Hi guys,

I'm designing a combination circuit. One are the brains with the microcontroller and the other part is it's battery charging circuit. For the battery charging circuit, a 18650 Li-ion battery is supposed to be charged by a voltage power of 5V or USB. Charging current is limited to 600mA. The battery charging technique is using the buck converter.

Here is what a came out for the battery charging circuit.

With all the available electronic parts, I end up having to use diodes in parallel to keep voltage drop minimal for higher charging voltage for the battery and also for higher battery voltage range for the device to work during normal use.

Low dropout 3V voltage regulators are also used for their low dropout for the same purpose and two are arranged in parallel for higher current capacity. The other requirement was to use through hole components.

I think it works but multiple and parallel arrangement of these quite don't look good but does it?

*Device start-up is by pulling low the gate of the mosfet before the voltage regulators and kept low by turning on microcontroller pin label BATT_POW.
*For battery charging this pin is pulled low or when microcontroller pin label USB_POW_DETECT is high.

thanks.

 

Diodes in parallel do not share well. That's why they are seldom used.
The diode with the slightly lower forward voltage will carry more current than the others.
This will cause it to heat up more, which further reduces its relative forward drop (forward drop is inversely proportional to temperature), causing to hog even more of the current.
It's somewhat of a runaway condition.

Much better to use a single diode rated for the current you need.

 

For example:

 

For the three diode in parallel configuration, I don't know what to say more. I expected 200mA through each for a forward voltage drop of 0.250mV; according to curve in the datasheet. What causes this, heat?


edit: ok, this curve has indicated the signal is pulsed, not continuous.

 

What causes this, heat?

That graph is for a typical diode. You can't place an order for typical diodes from any supplier.

The fact that the 3 diodes aren't identical means that one will conduct more current then the others...

 

Power is volts times amps. Did you not know that?
Each diode dissipates its forward voltage drop times the current through it (in this case 0.2A * 0.25V = 50mW).

And here from the data sheet is the unit-to-unit difference I mentioned, that will cause a difference in the forward current between two or more in parallel:

 

I was too hasty and already ordered more of it.

@dl324 : You're correct, my 1N5817 was from ON Semiconductor. The curve shows at 600mA, forward voltage drop is 0.3V.

The PMEG3050P indeed would be best for my battery charging application, but I can't find an equivalent through hole part.

At 600mA, forward voltage by the 1N5817 (according to the datasheet) plus VDS by the IRF9540NS which is 0.2V is still higher 0.3V from battery's maximum voltage of 4.2V. There is room for PWM with 4.2/4.5*100=93.3% duty cycle to drop this excess.

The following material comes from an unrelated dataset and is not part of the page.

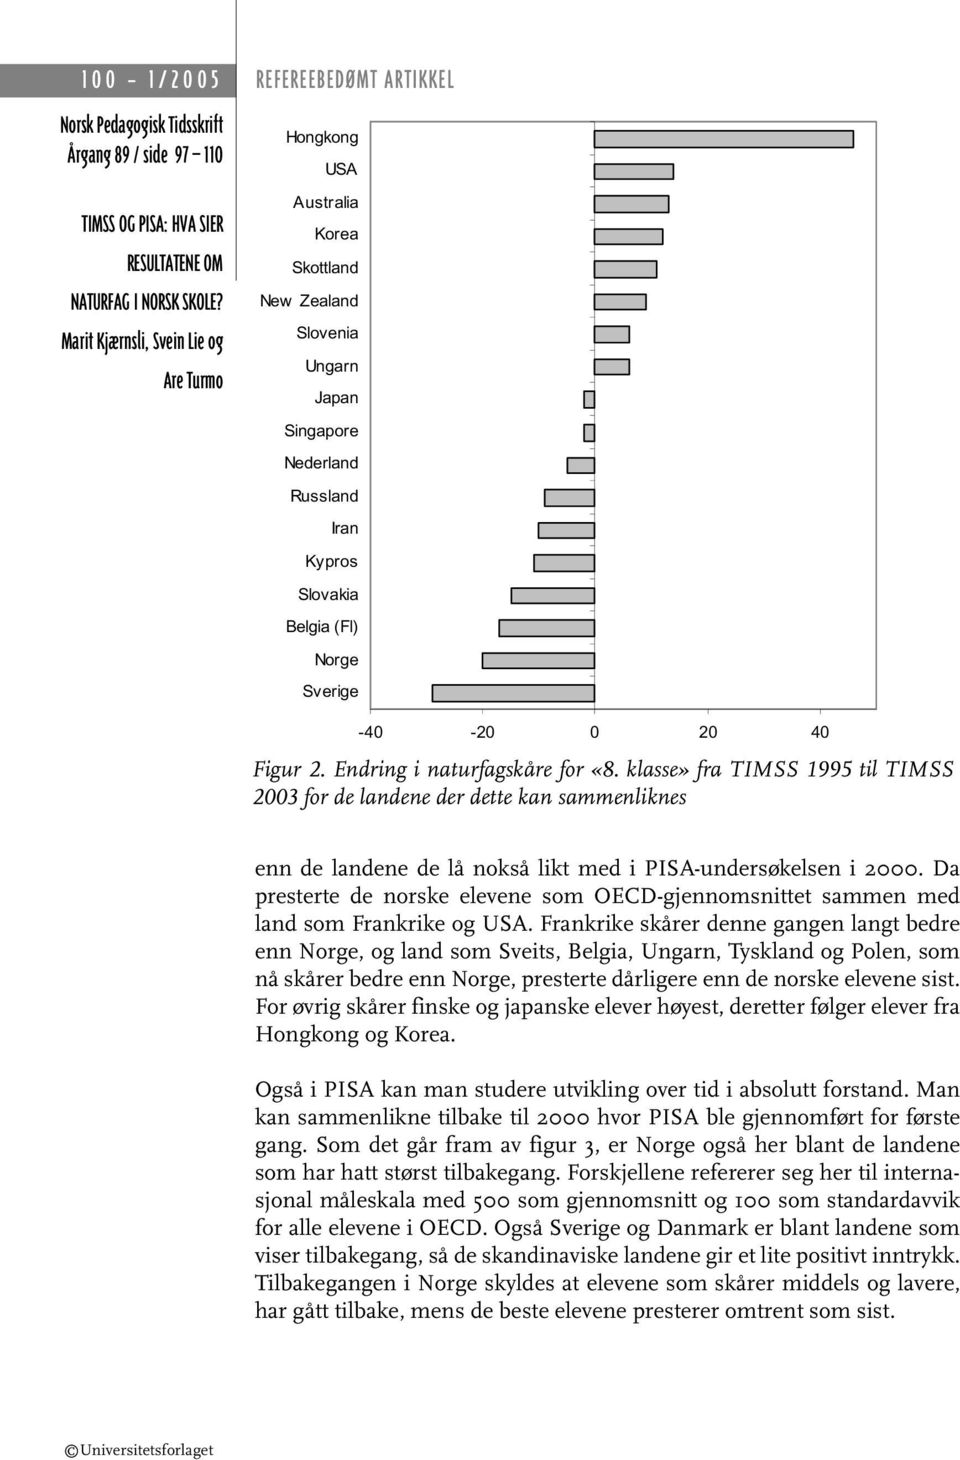 Da presterte de norske elevene som OECD-gjennomsnittet sammen med land som Frankrike og USA.
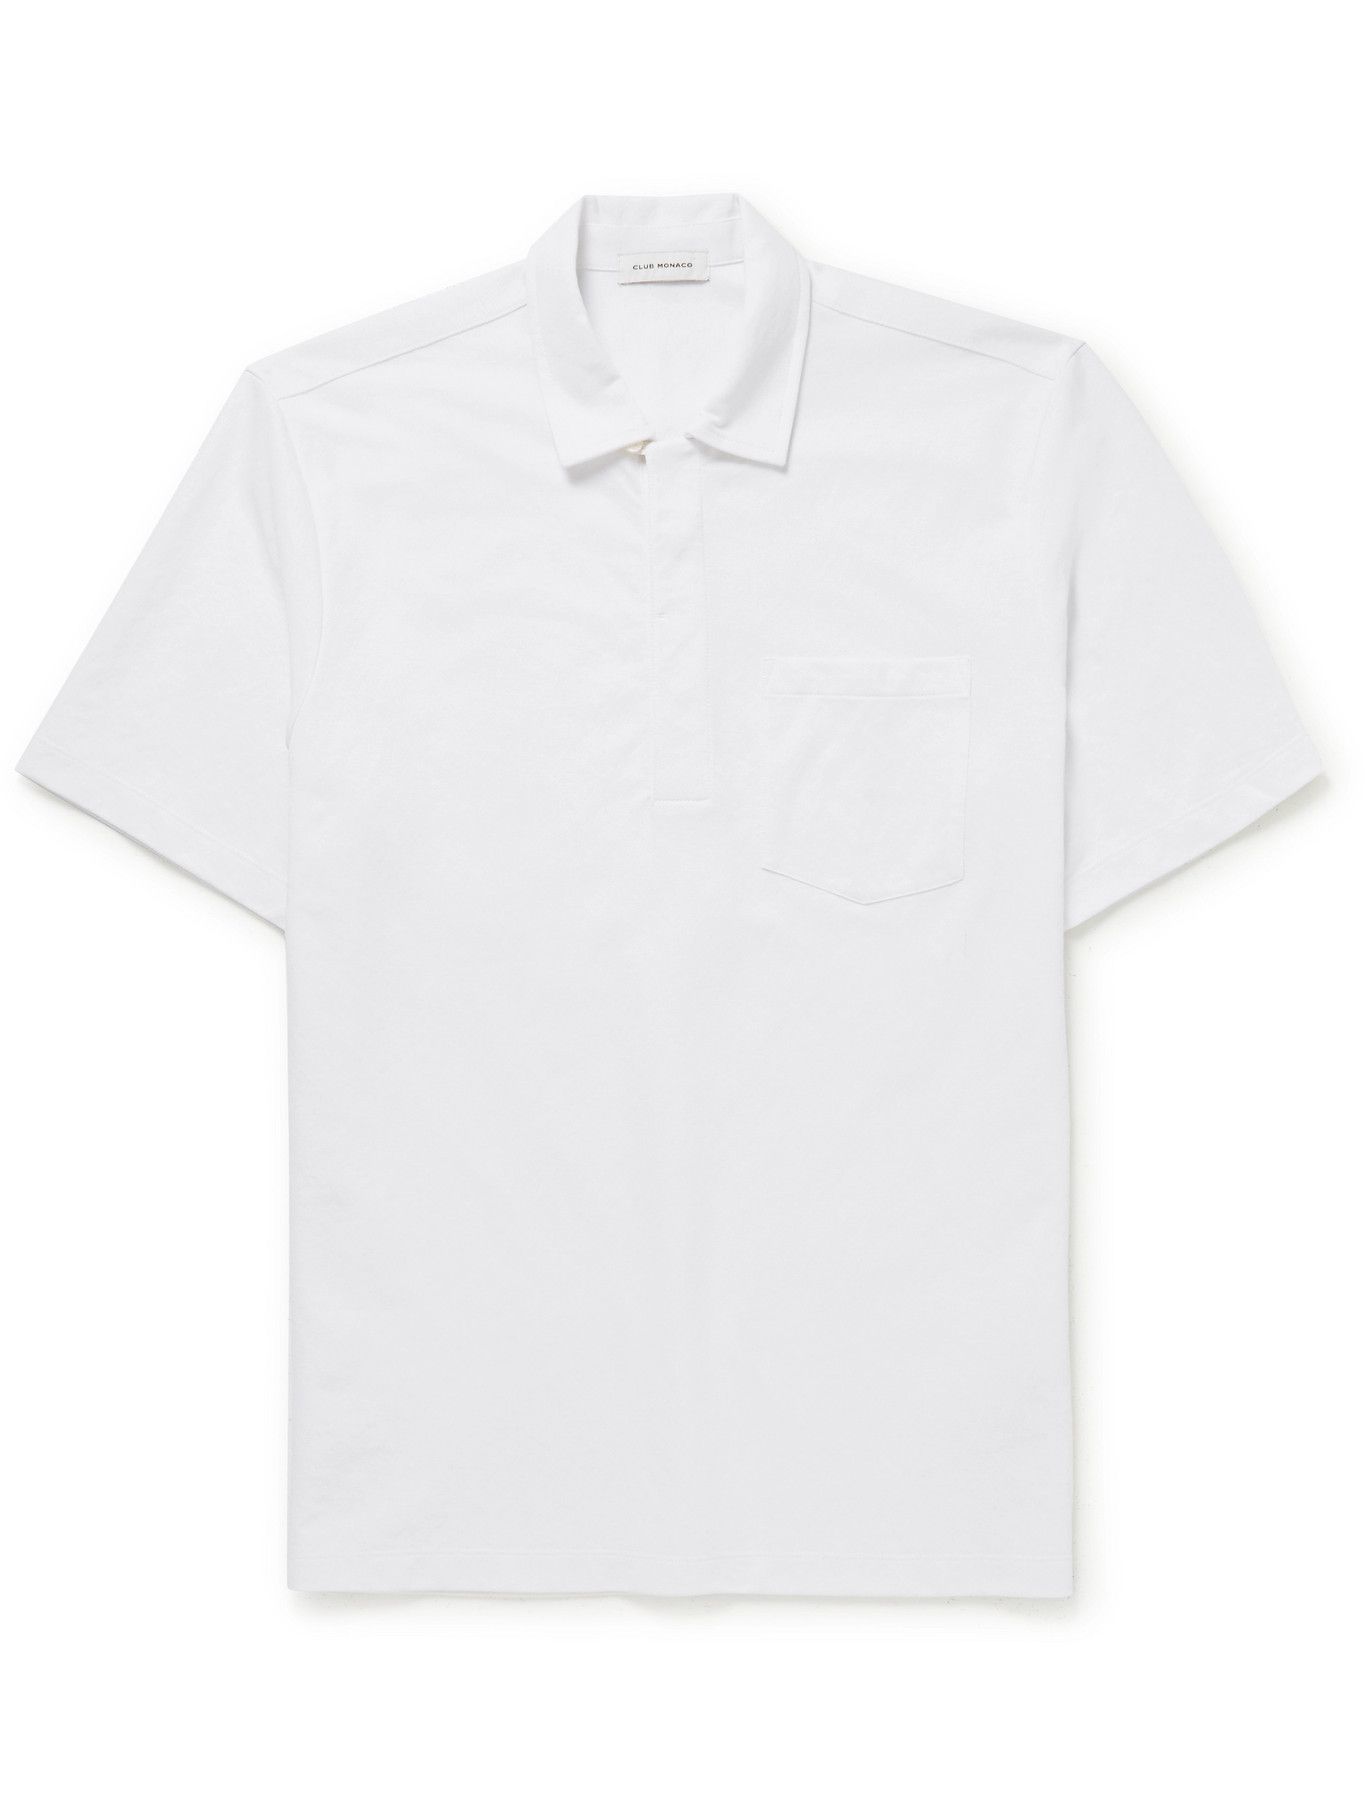 Club Monaco - Cotton-Blend Twill Polo Shirt - White Club Monaco

But the simulation for a single 1N5817 diode was 380.3429mV!

 

Lithium batteries do nasty things if charged incorrectly. Does your 18650 battery have a built-in safety circuit to protect it against over-charging and over-discharging?

 

Overcharging is detected by measuring the battery voltage level and voltage across a sense resistor.

The plan is also to implement a temperature sensor and a 2 ampere fuse which is not shown in circuit I posted. I searched the expensive ones do have those built-in.

 

Fixed..slimmed down and added protection.

 

Take a look at some of the ideal diode controllers from Linear Technology/

 

One of those application is the LTC4410 - USB Power Manager in ThinSOT. It is a total solution for building exciting brands when battery charging. Thank you but I'm just not there yet to say a lot about the benefits. Hardly forgiving the basics here..hope it'll be smooth.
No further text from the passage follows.